-------- Given information --------
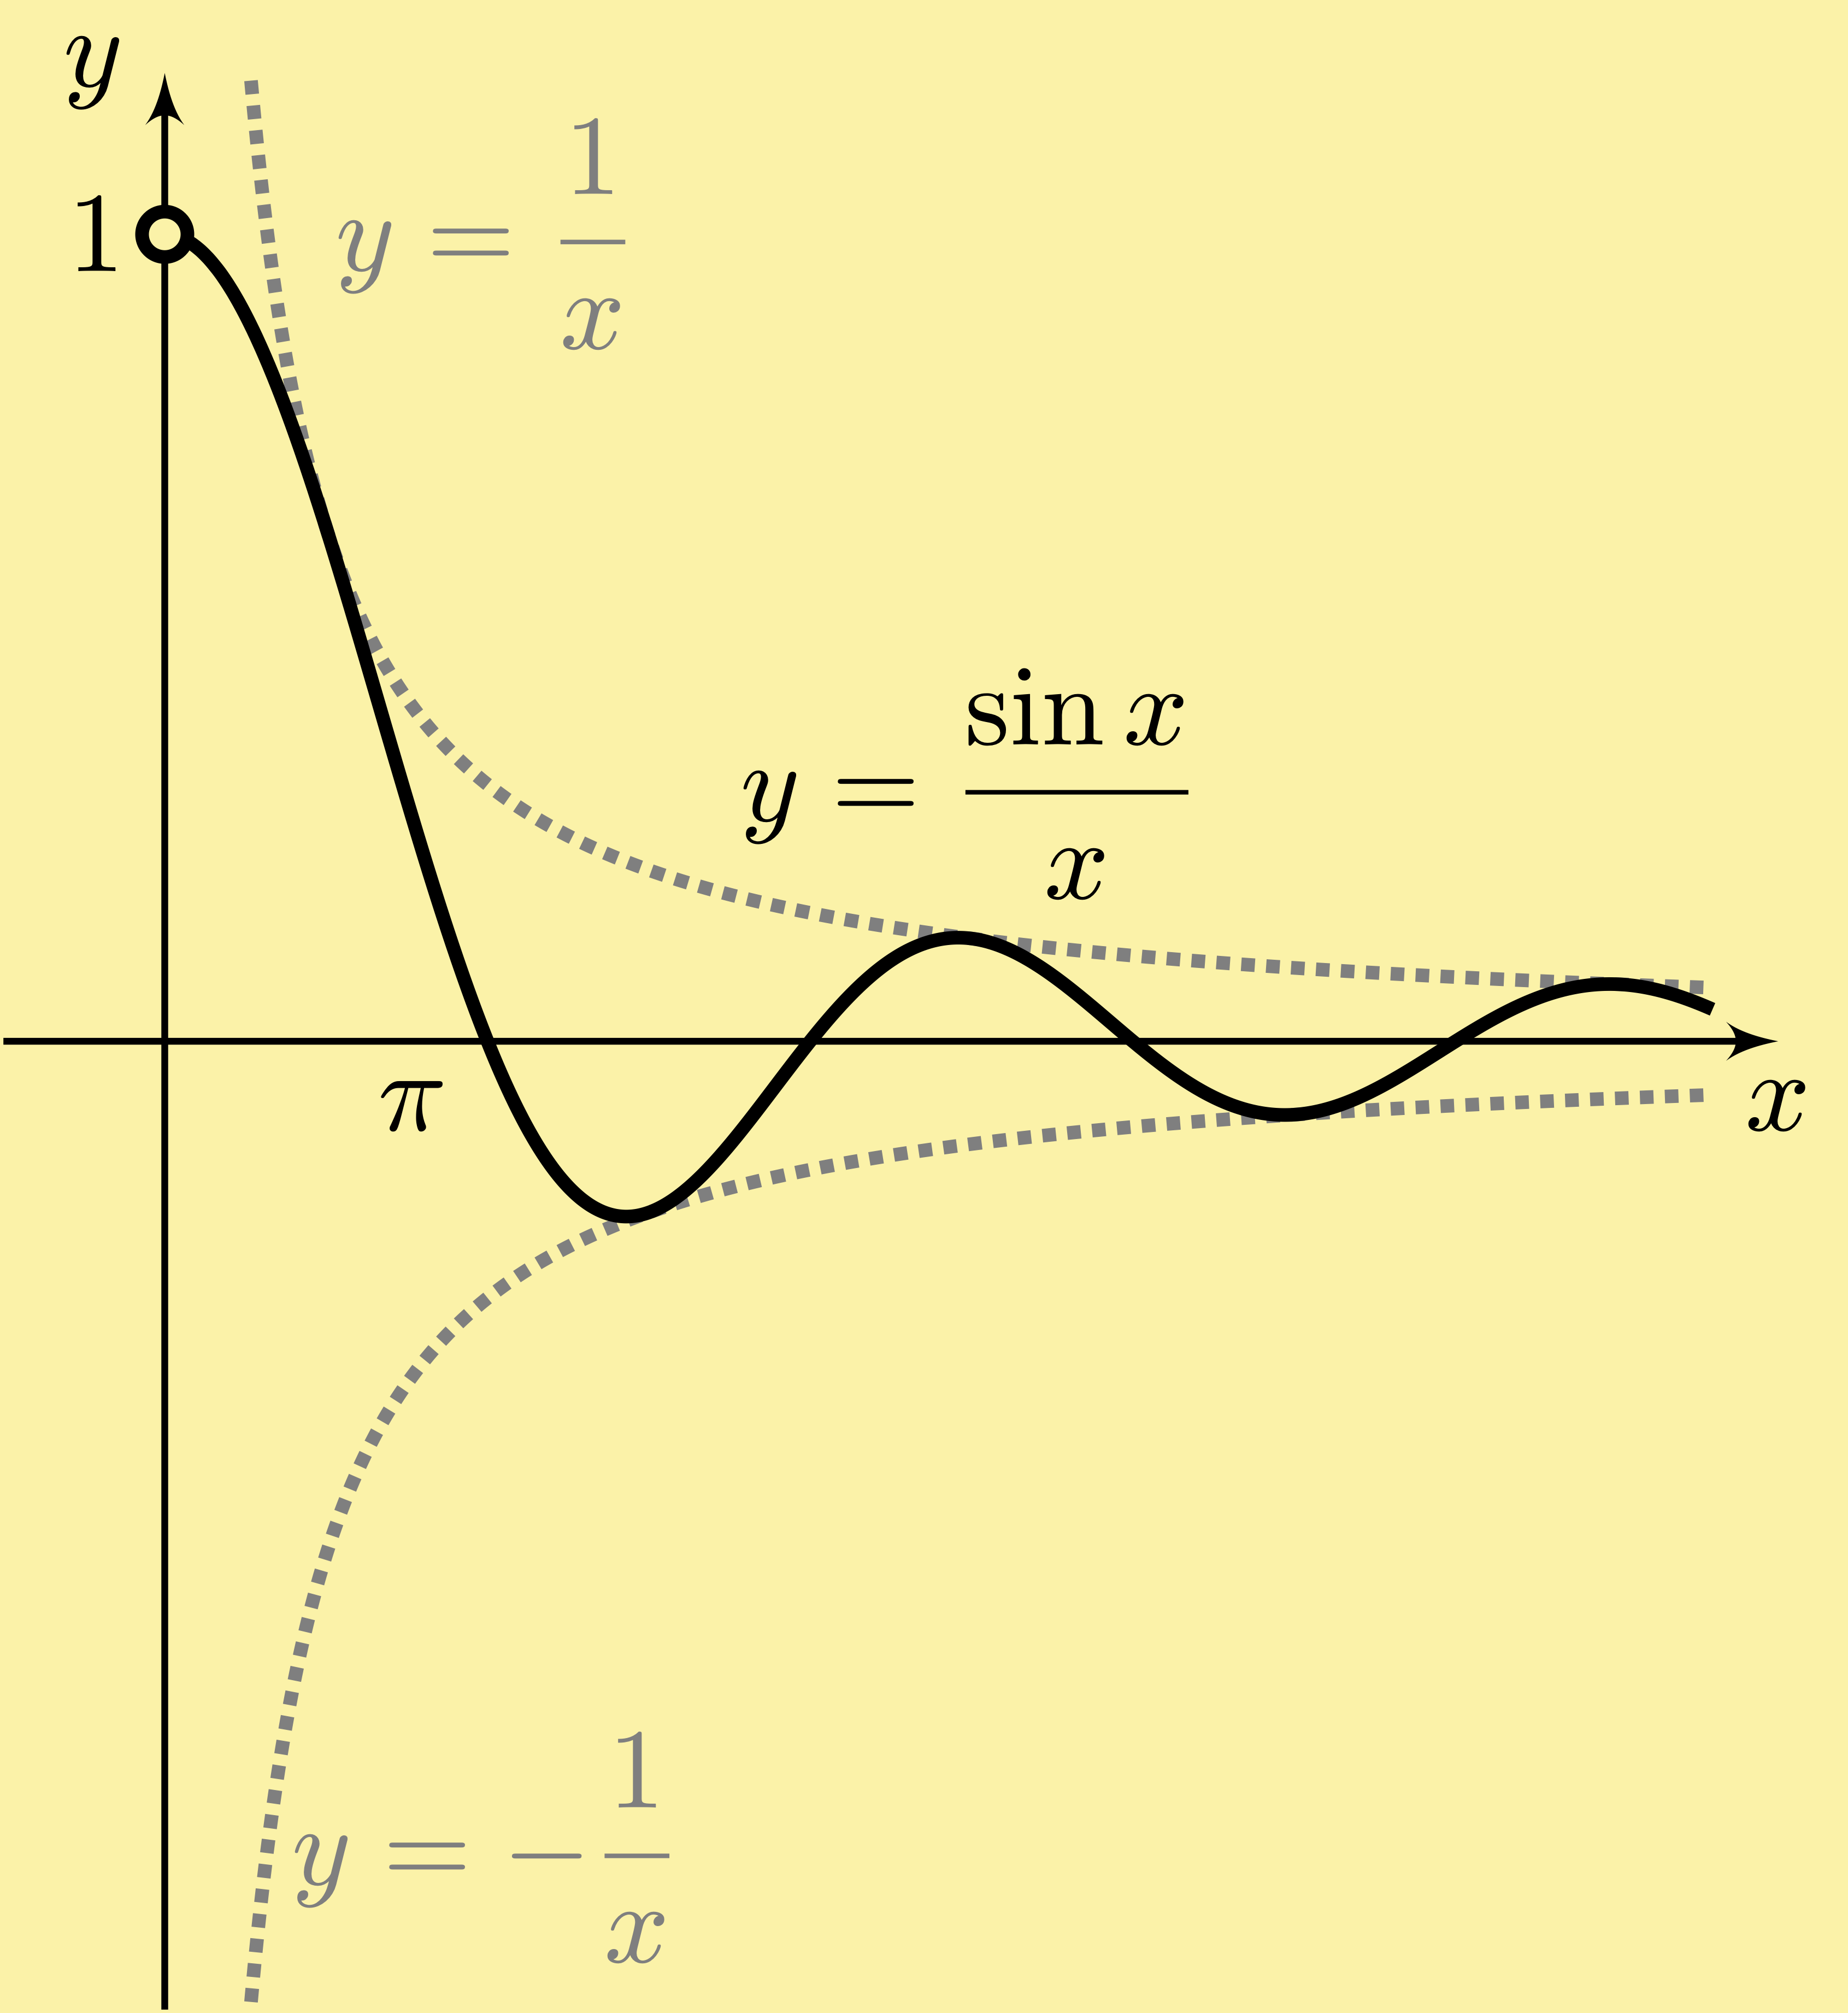 Squeeze Theorem for functions
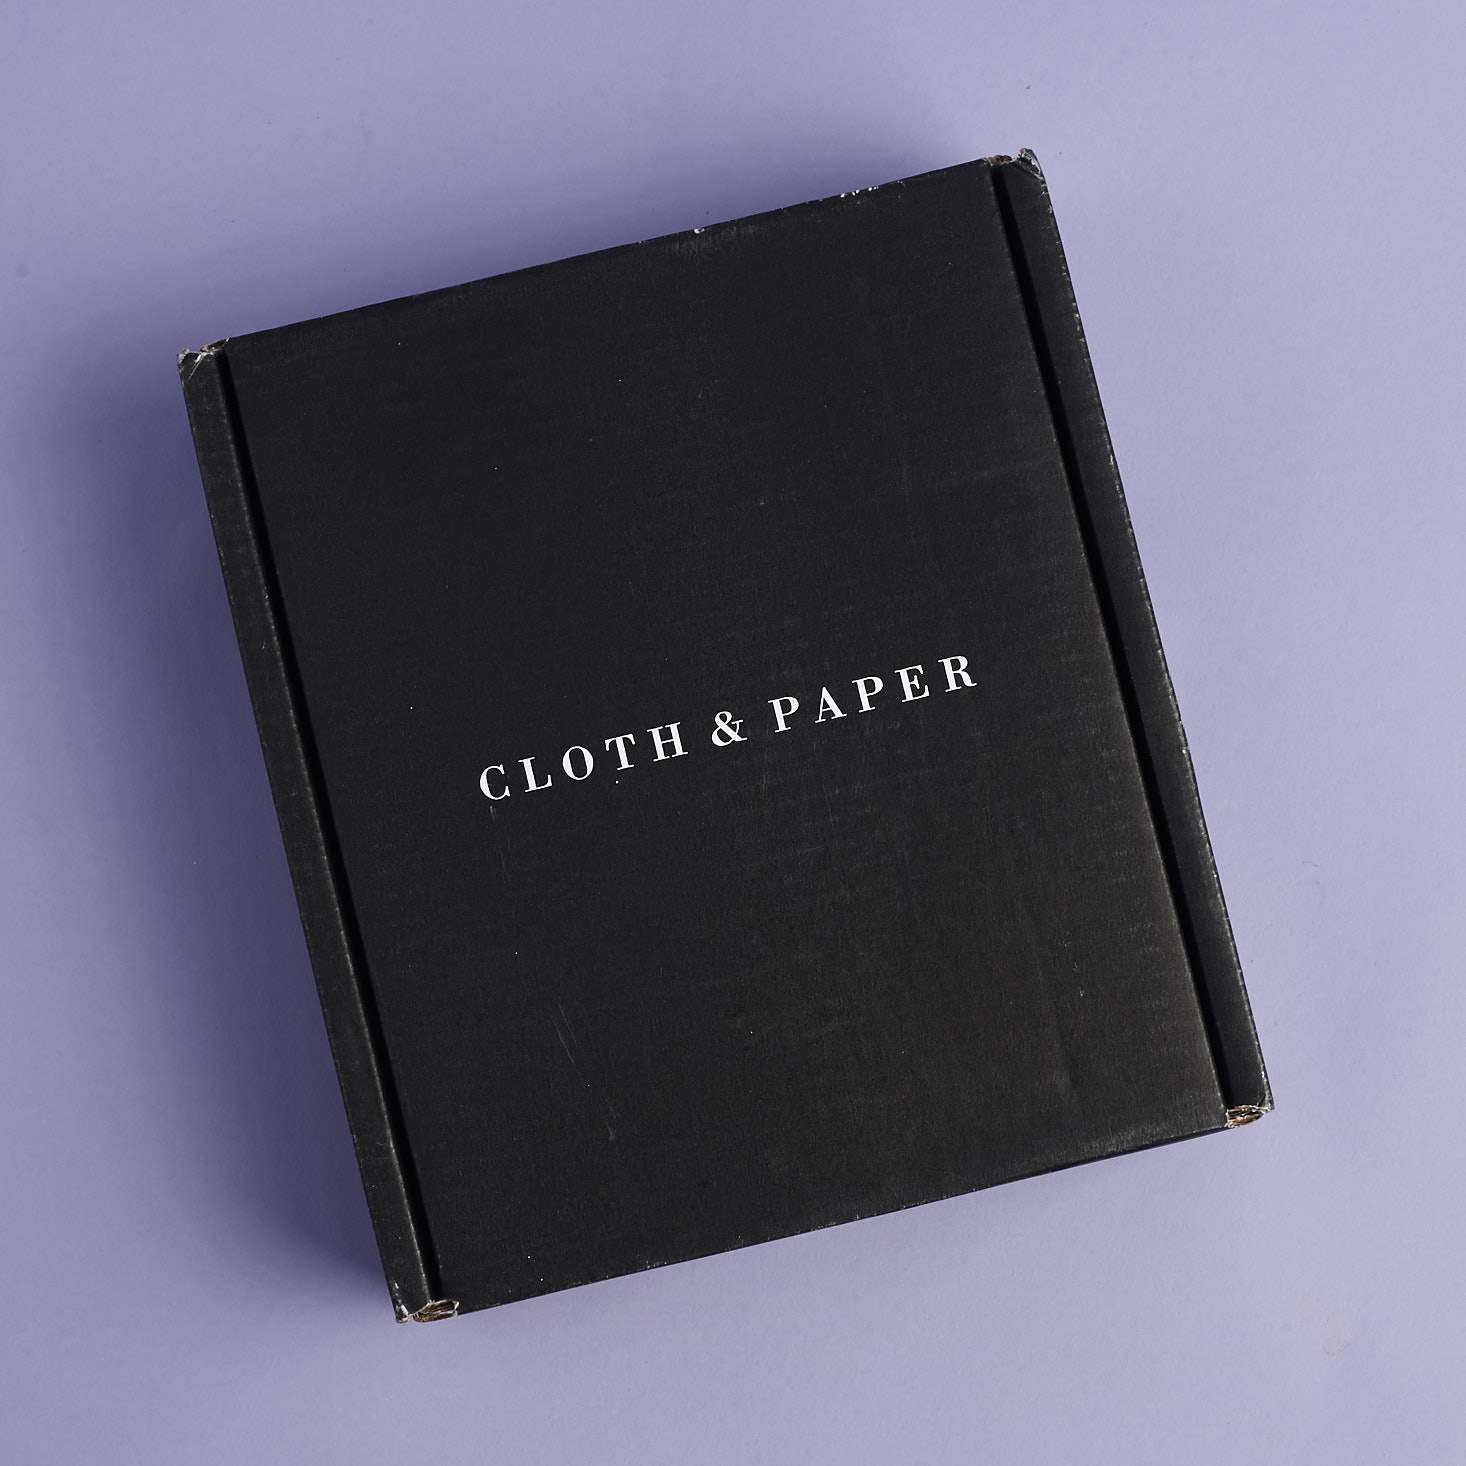 Cloth & Paper Stationery Subscription Review – February 2018
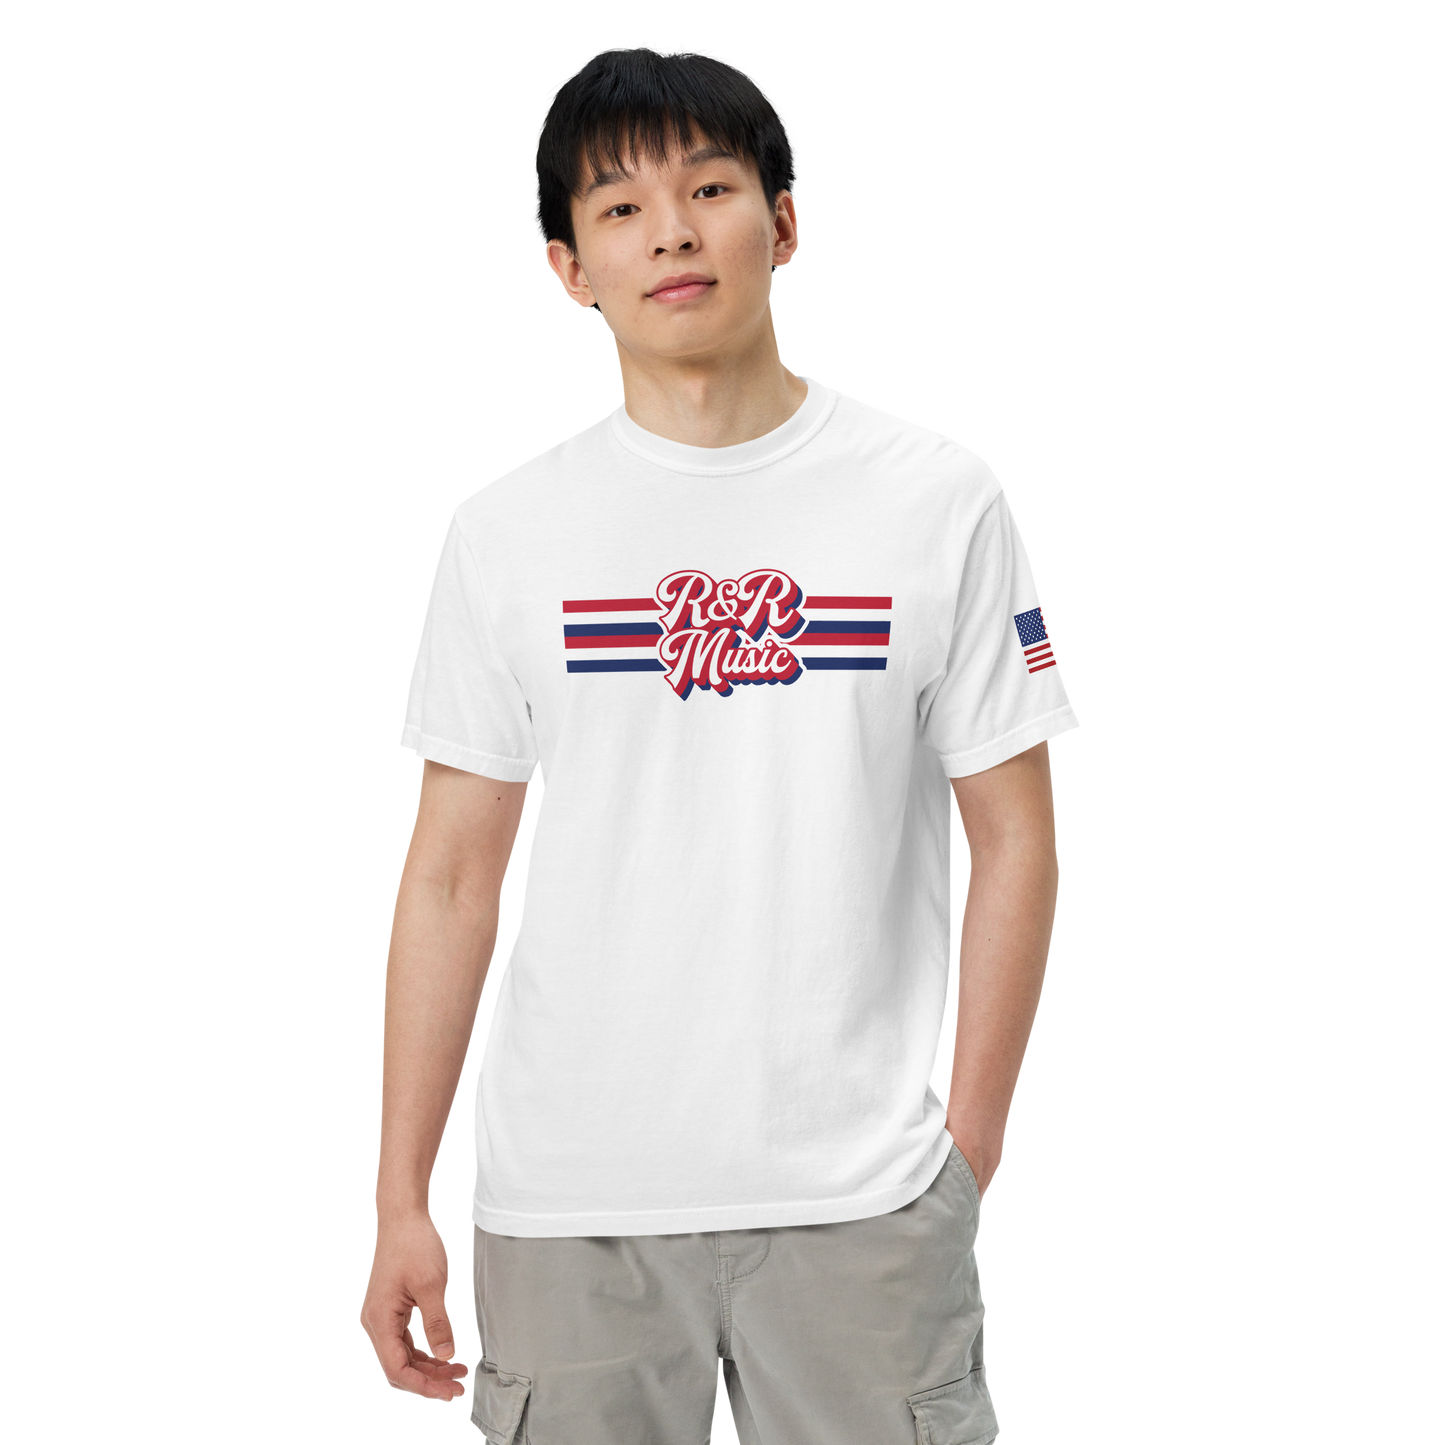 4th of July Special R&R Music Tee
--------
• _Problem_
Output the line containing "Cloth & Paper" and each line after it, through the end of the material, exactly as given. No pictures belong in the output.

• _Response below_
 Cloth & Paper Stationery Subscription Review – February 2018
 4th of July Special R&R Music Tee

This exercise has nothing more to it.